START SUPPLIED INFORMATION

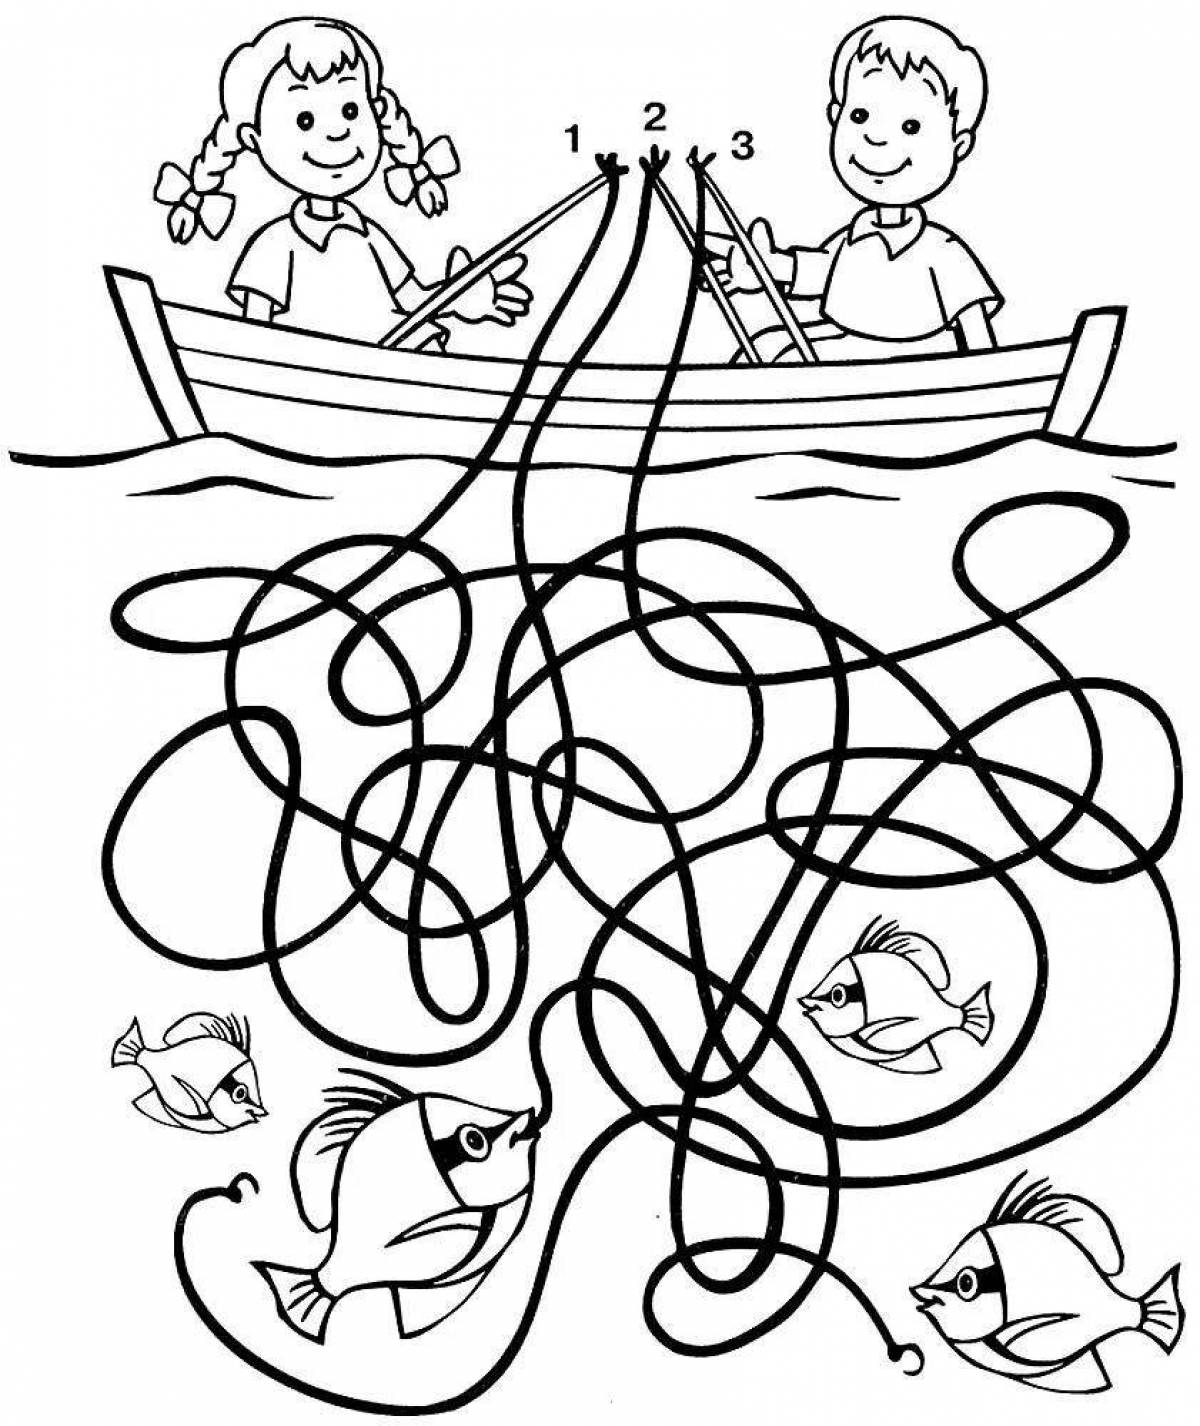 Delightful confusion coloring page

END SUPPLIED INFORMATION
START SUPPLIED INFORMATION

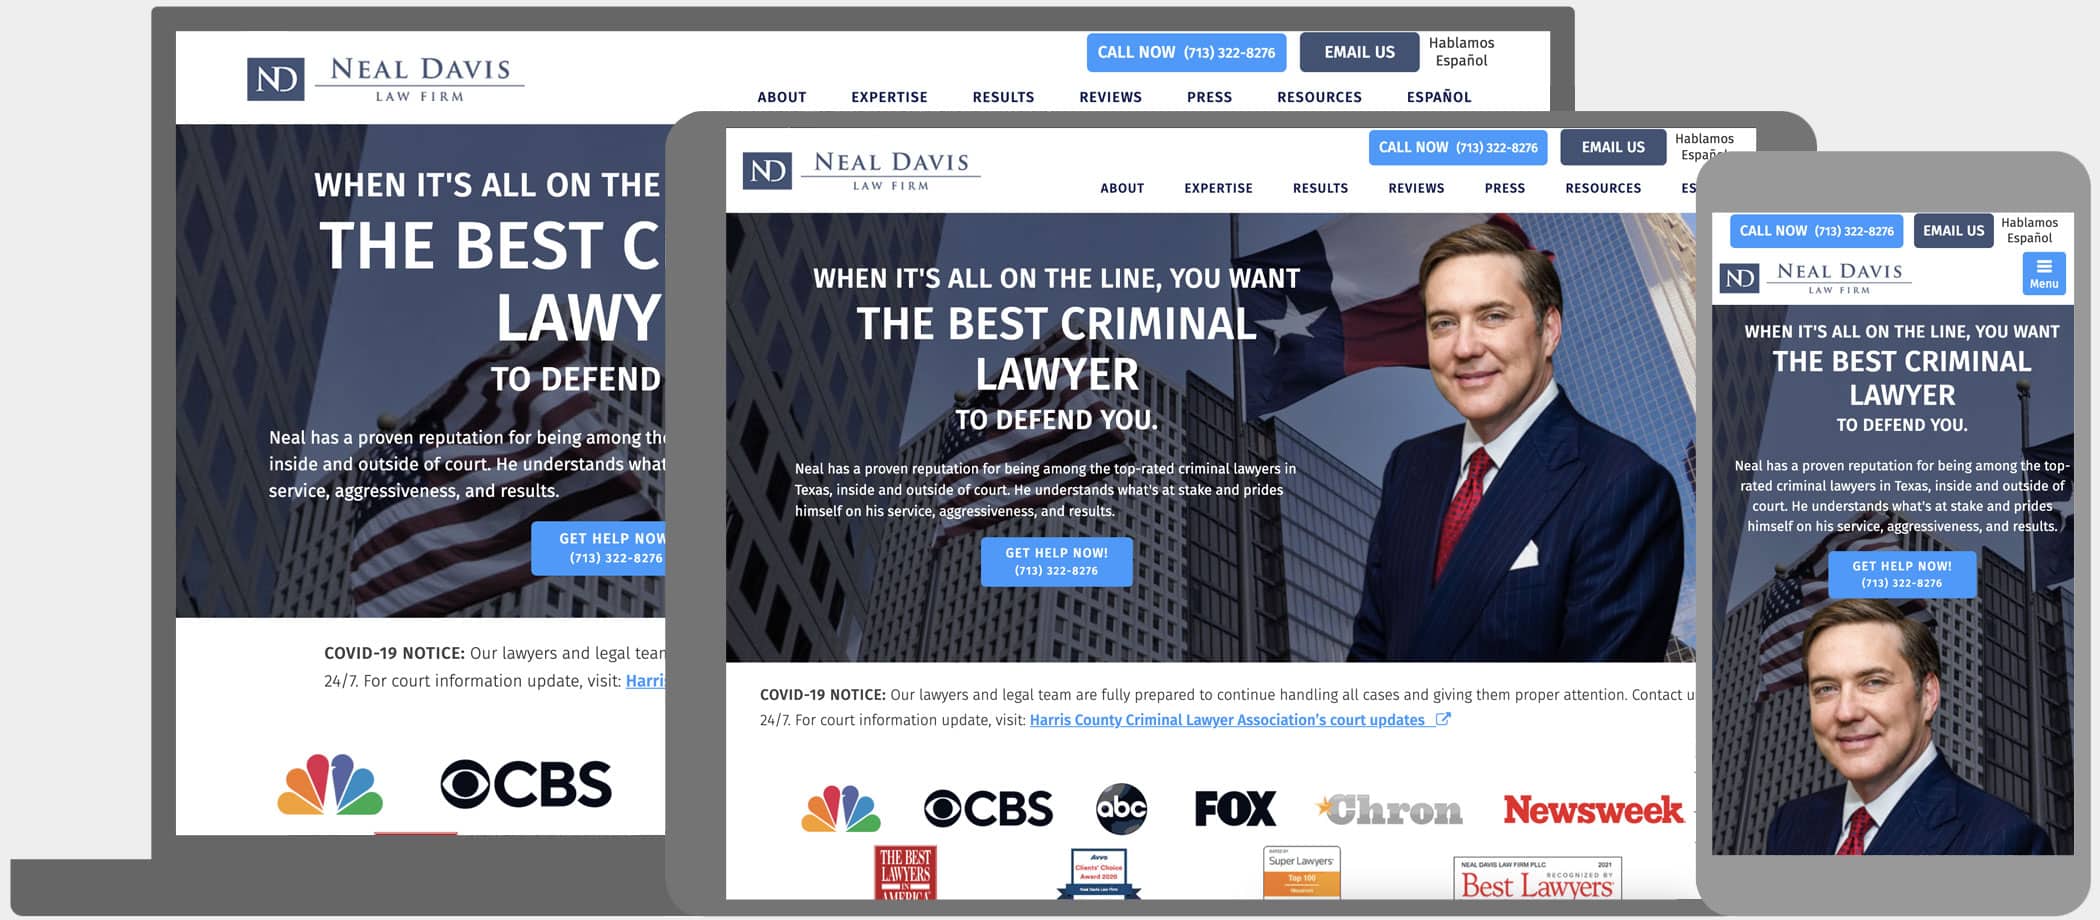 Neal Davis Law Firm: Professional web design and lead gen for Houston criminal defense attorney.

END SUPPLIED INFORMATION
START SUPPLIED INFORMATION

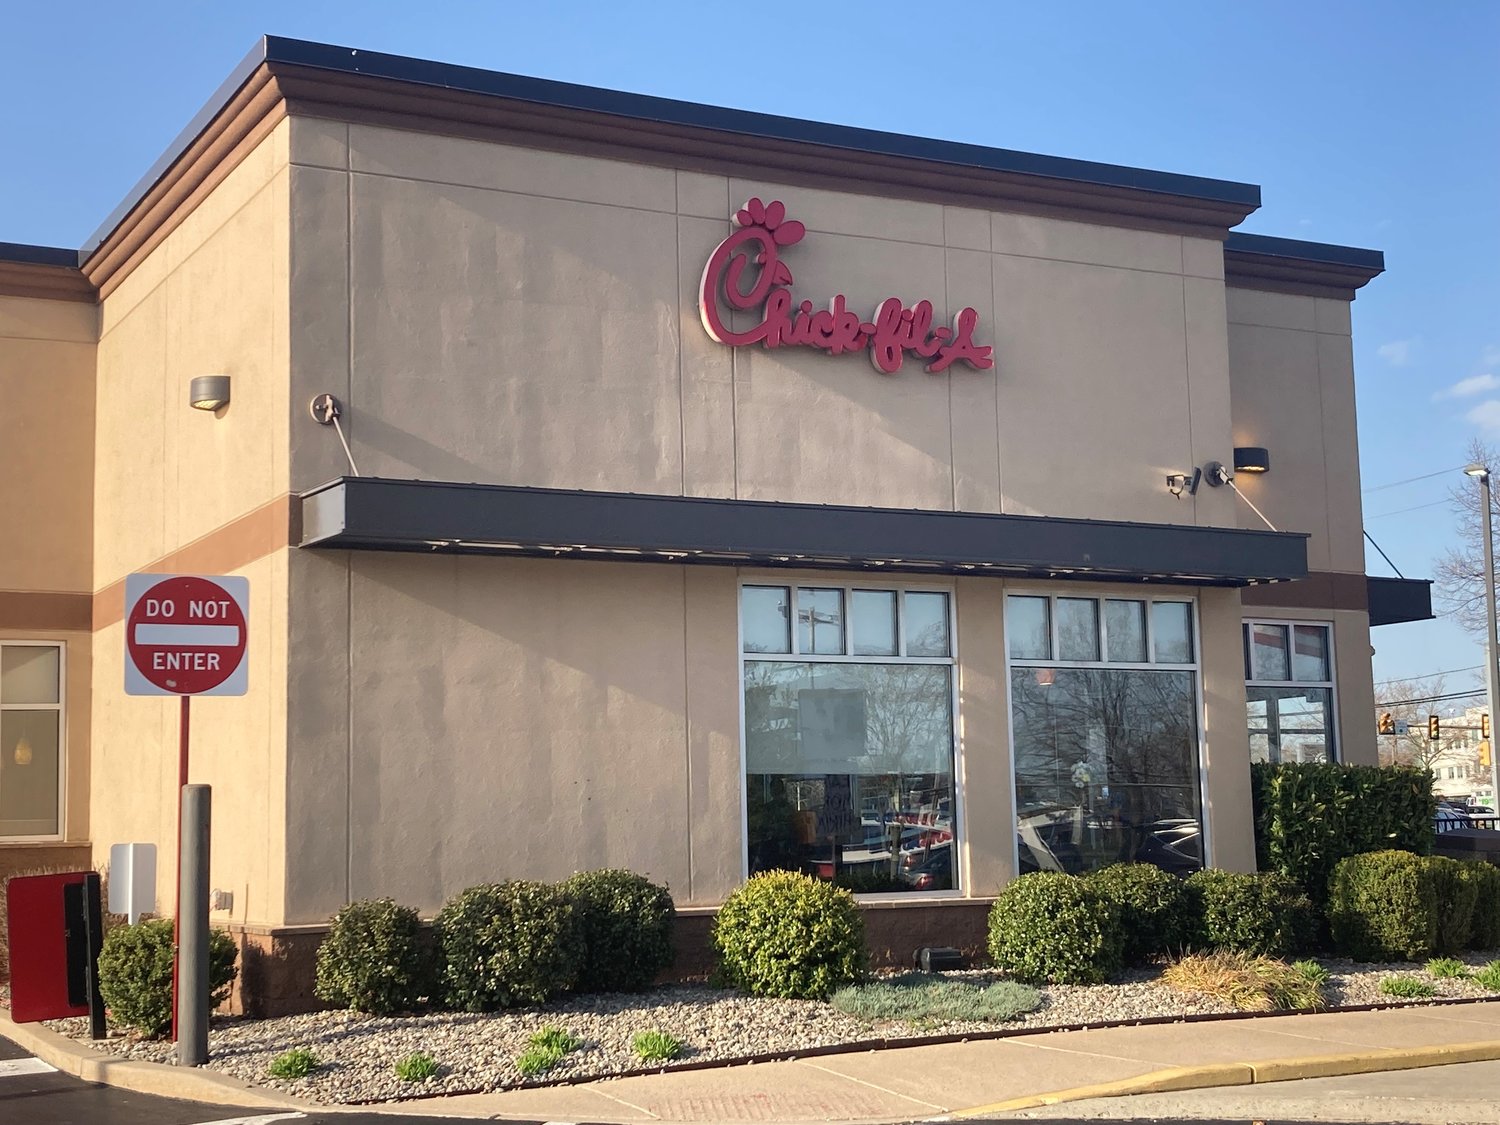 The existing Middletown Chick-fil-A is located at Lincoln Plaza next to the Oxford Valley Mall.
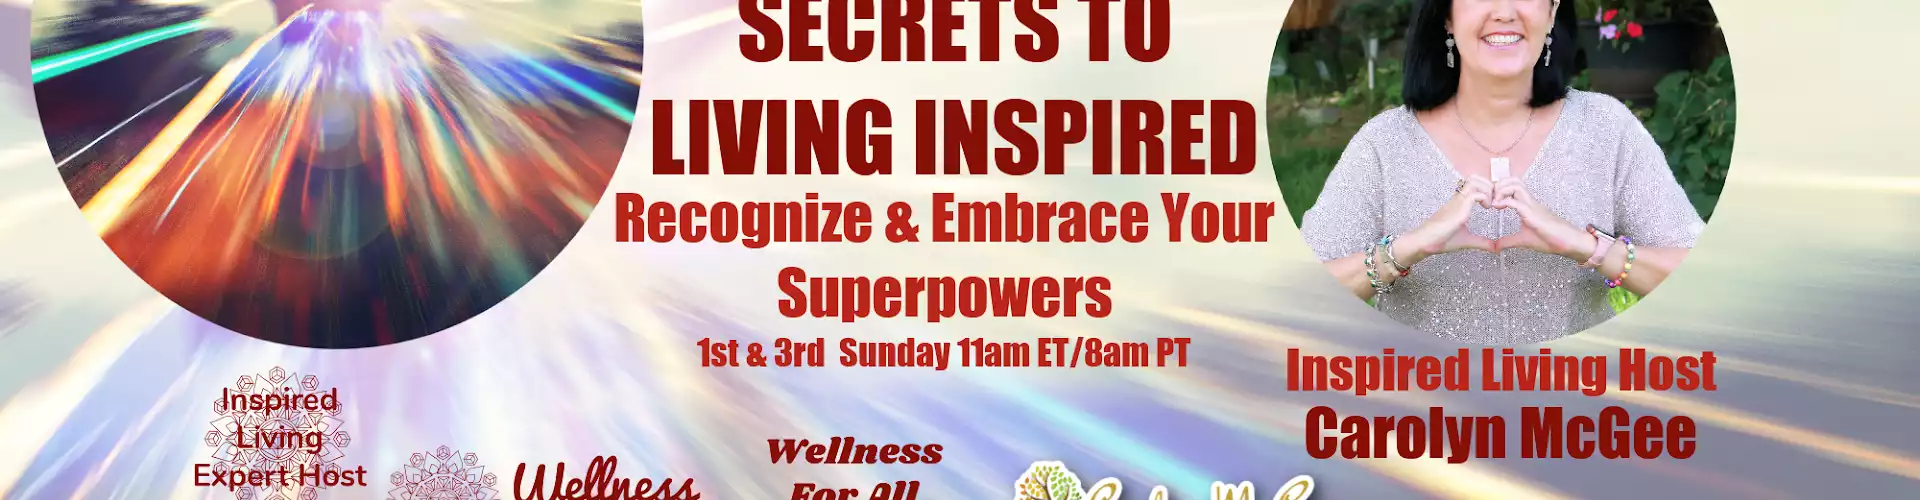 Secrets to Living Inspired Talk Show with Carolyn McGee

END SUPPLIED INFORMATION

Extract the part of the records that opens with the line containing "The existing Middletown" and closes with the line containing "Secrets to Living". Take only those lines, exactly, and no pictures.

 The existing Middletown Chick-fil-A is located at Lincoln Plaza next to the Oxford Valley Mall.
 Secrets to Living Inspired Talk Show with Carolyn McGee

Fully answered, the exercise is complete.